Tatiane Paulino Bezerra iniciou sua apresentação assim: “Sou mulher preta nordestina, atingida pela Barragem do Castanhão, no Ceará.” E essa é a sua força para enfrentar as tarefas desde que ingressou nas fileiras do Movimento dos Atingidos por Barragens – MAB, em meados dos anos 2000. Há 5 anos reside no Norte do Rio Grande do Sul, onde integra a Coordenação Estadual da organização e também o Movimento de Afectados por Represas em Lationoamérica - MAR, articulação de 22 países da América Latina, com representação da América do Norte e Europa, na construção de um movimento de atingidos por barragens nesses continentes.

Segundo ela, a partir da visão de que não bastava o movimento lutar para garantir os direitos das populações atingidas, decidir se queriam ou não sair de seus territórios, mas sim era preciso questionar as desigualdades sociais e propor uma nova sociabilidade, cresce a participação das mulheres. “As mulheres organizadas no MAB começam a ocupar espaços de coordenações em nível local, regional e nacional e, em seguida, passam a discutir e construir seus espaços auto-organizados. É daí que surge a consigna ‘Mulheres, água e energia não são mercadorias’. E inicia toda uma formulação do nosso papel no MAB, na construção do feminismo popular e na transformação das estruturas opressivas e exploradoras da sociedade capitalista.”

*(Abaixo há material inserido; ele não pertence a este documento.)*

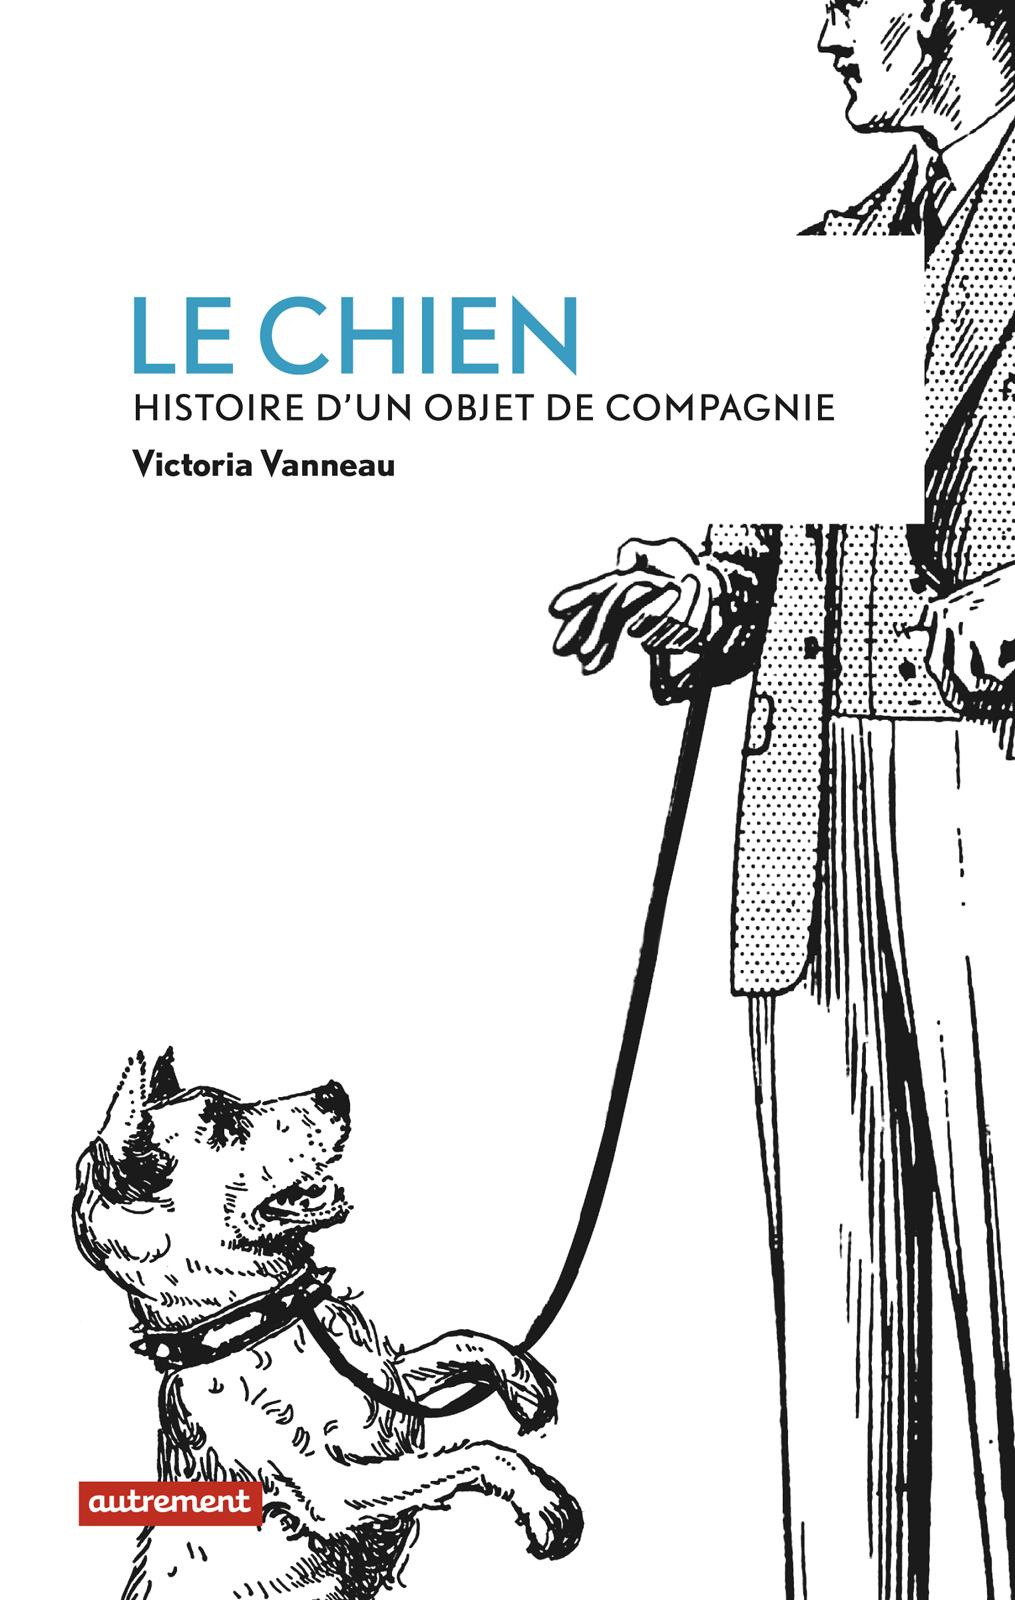 Le Chien, HISTOIRE D'UN OBJET DE COMPAGNIE
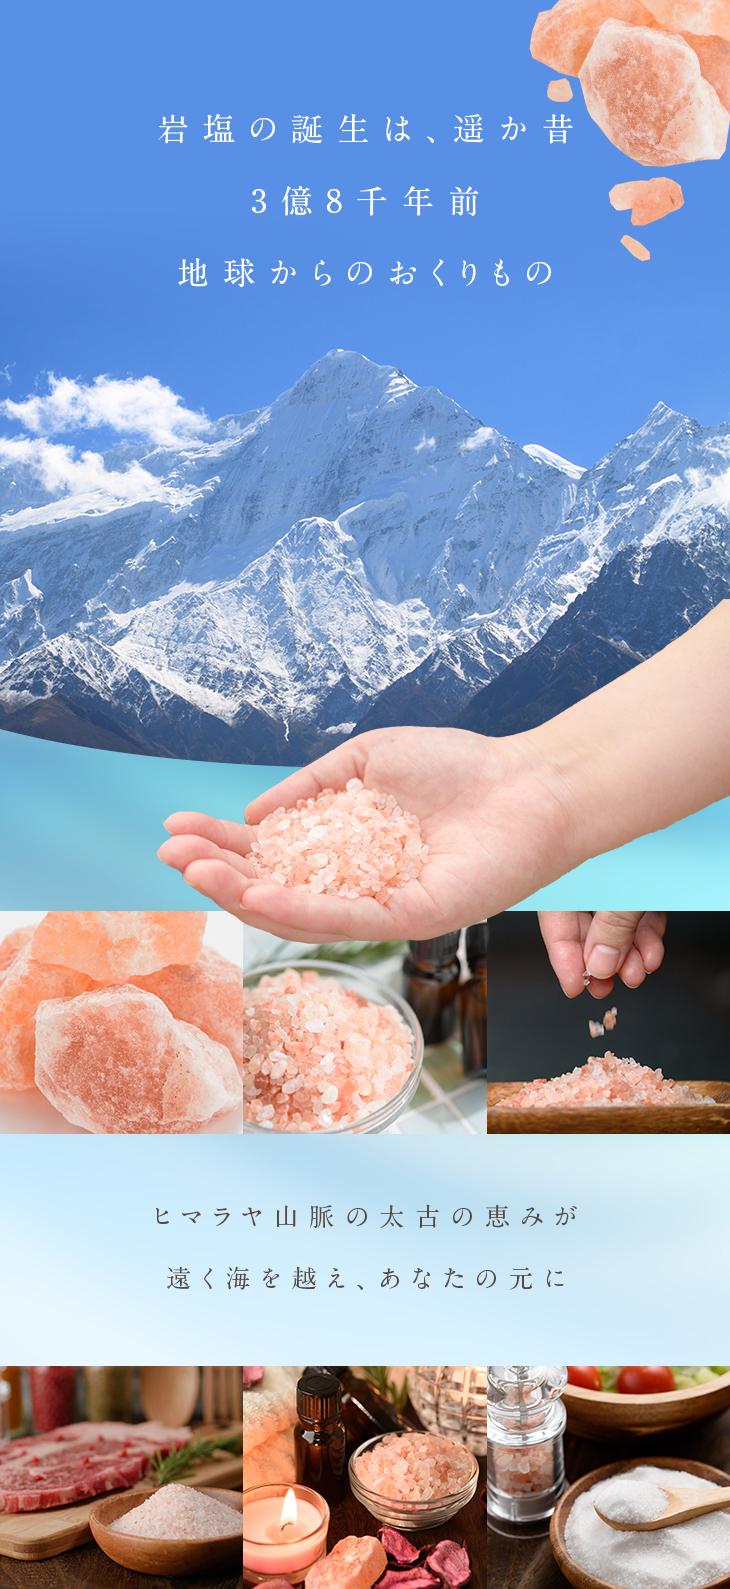 岩塩の誕生は、遥か昔3億8千年前 地球からのおくりもの

E continua Tchenna Maso, em seu artigo: “A nossa liberdade – mulheres – é a ruptura dos seus privilégios – homens – ou seja, uma liberdade conflitiva que não se trata de conflitos absolutos. Se trata de subordinar o tempo, as decisões de realização da vida concreta. A consequência de um projeto de sociedade em que caibam os seres humanos e suas necessidades, que dê espaço igualmente a natureza, e que produza a riqueza de uma maneira tal que não sejam ameaçadas as fontes de toda a riqueza: a terra, a água e o trabalho. Não é um horizonte único, mas de possibilidades. O possível como o ainda não fecha o futuro, o impossível que se traduz em possibilidades se abre. Que construamos então o impossível: o Estado à serviço da vida real e concreta, sob pena do humanismo seguir sendo um discurso. É Tempo de deixar de sermos rio, que correm margeados sozinhos, para aprendermos a ser totalidades, como o mar. Tal qual as sementes, que bordaram a resistência: Nicinha de Souza, Berta Cáceres, Marielle Franco e Dilma Ferreira. Tantas são as mulheres que cultivam sonhos de novos mundos ainda possíveis.”


O símbolo do feminino representa as mulheres nesta arpillera, uma técnica têxtil popular chilena resgatada pelas mulheres do MAB / Divulgação

Confira a íntegra da entrevista para o Especial Mulheres na Política.

Brasil de Fato RS - Gostaria que tu nos falasse um pouco da tua trajetória.

Tatiane Paulino Bezerra - Sou mulher preta nordestina, atingida pela Barragem do Castanhão, no Ceará. Ingressei nas fileiras do Movimento dos Atingidos por Barragens – MAB em meados dos anos 2000. No início dessa década fomos expulsos de nossas terras para dar lugar a essa grande obra. Há 5 anos resido no Norte do Rio Grande do Sul, onde tenho tarefas na Coordenação Estadual da organização e no Movimento de Afectados por Represas em Lationoamérica - MAR, articulação de 22 países da América Latina, com representação da América do Norte e Europa, na construção de um movimento de atingidos por barragens nesses continentes.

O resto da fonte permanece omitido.